/---

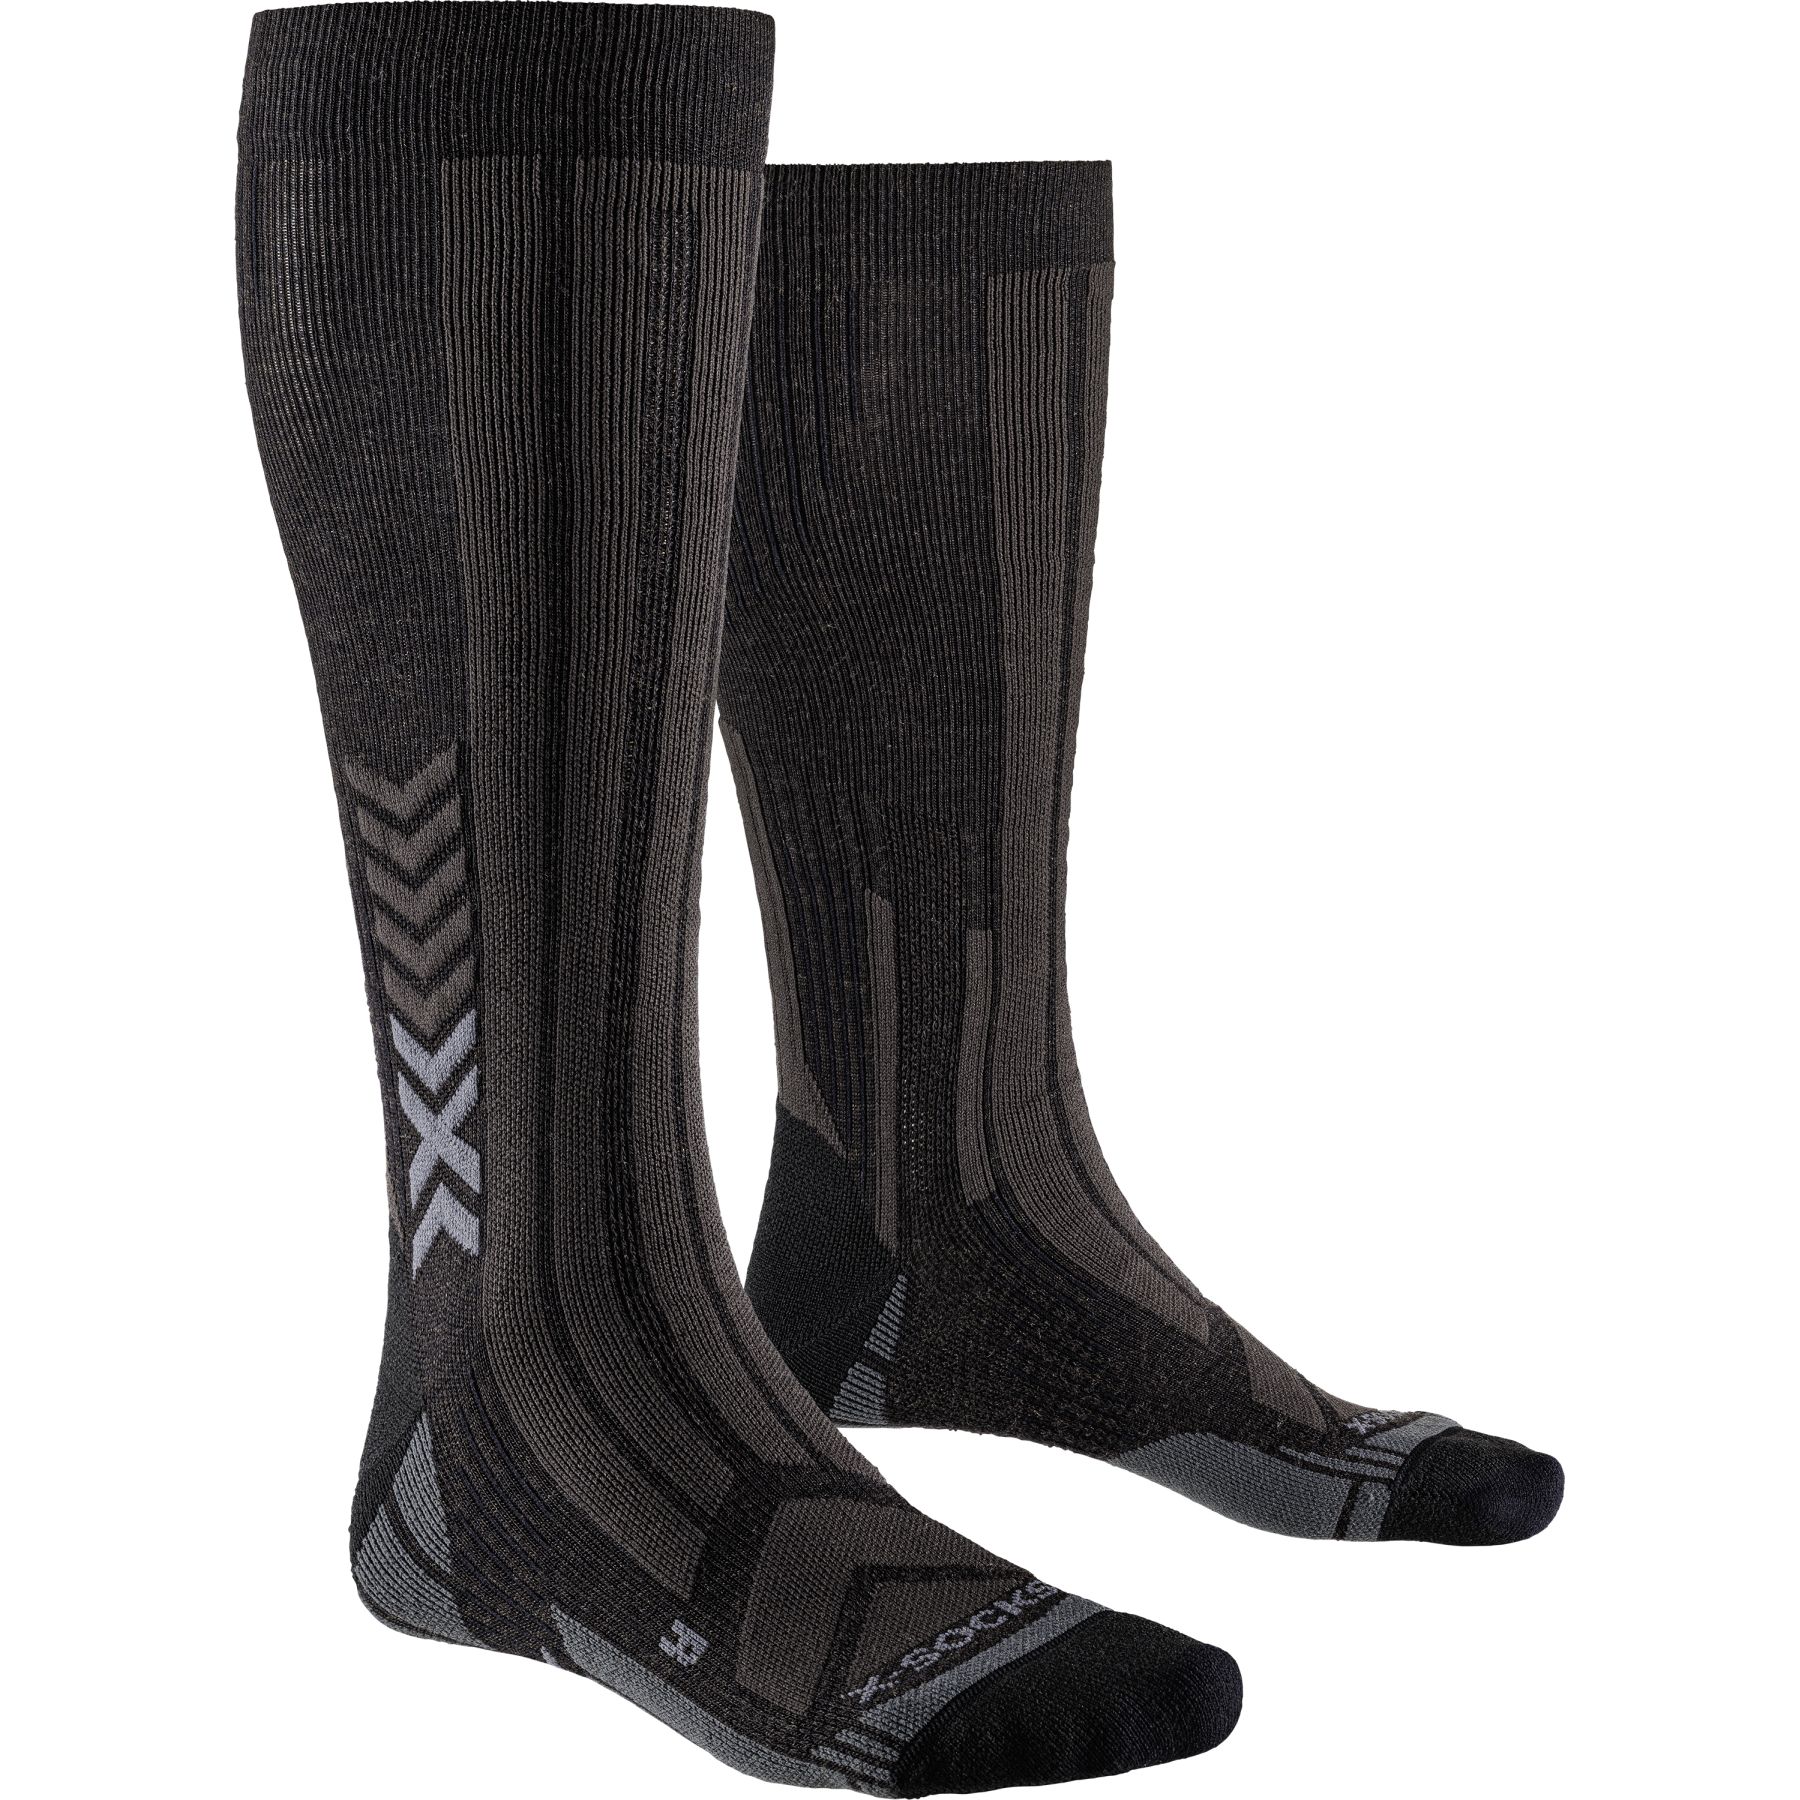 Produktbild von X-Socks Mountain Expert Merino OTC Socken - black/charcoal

\---
/---

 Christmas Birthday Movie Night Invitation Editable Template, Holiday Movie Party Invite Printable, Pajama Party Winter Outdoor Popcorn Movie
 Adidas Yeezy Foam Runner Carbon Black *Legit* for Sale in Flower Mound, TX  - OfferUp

\---

Reproduce, exactly as they stand in the data above, the lines from the one that holds "Christmas Birthday Movie" to the one that holds "Adidas Yeezy Foam", inclusive.

» Solution for this task
 Christmas Birthday Movie Night Invitation Editable Template, Holiday Movie Party Invite Printable, Pajama Party Winter Outdoor Popcorn Movie
 Adidas Yeezy Foam Runner Carbon Black *Legit* for Sale in Flower Mound, TX  - OfferUp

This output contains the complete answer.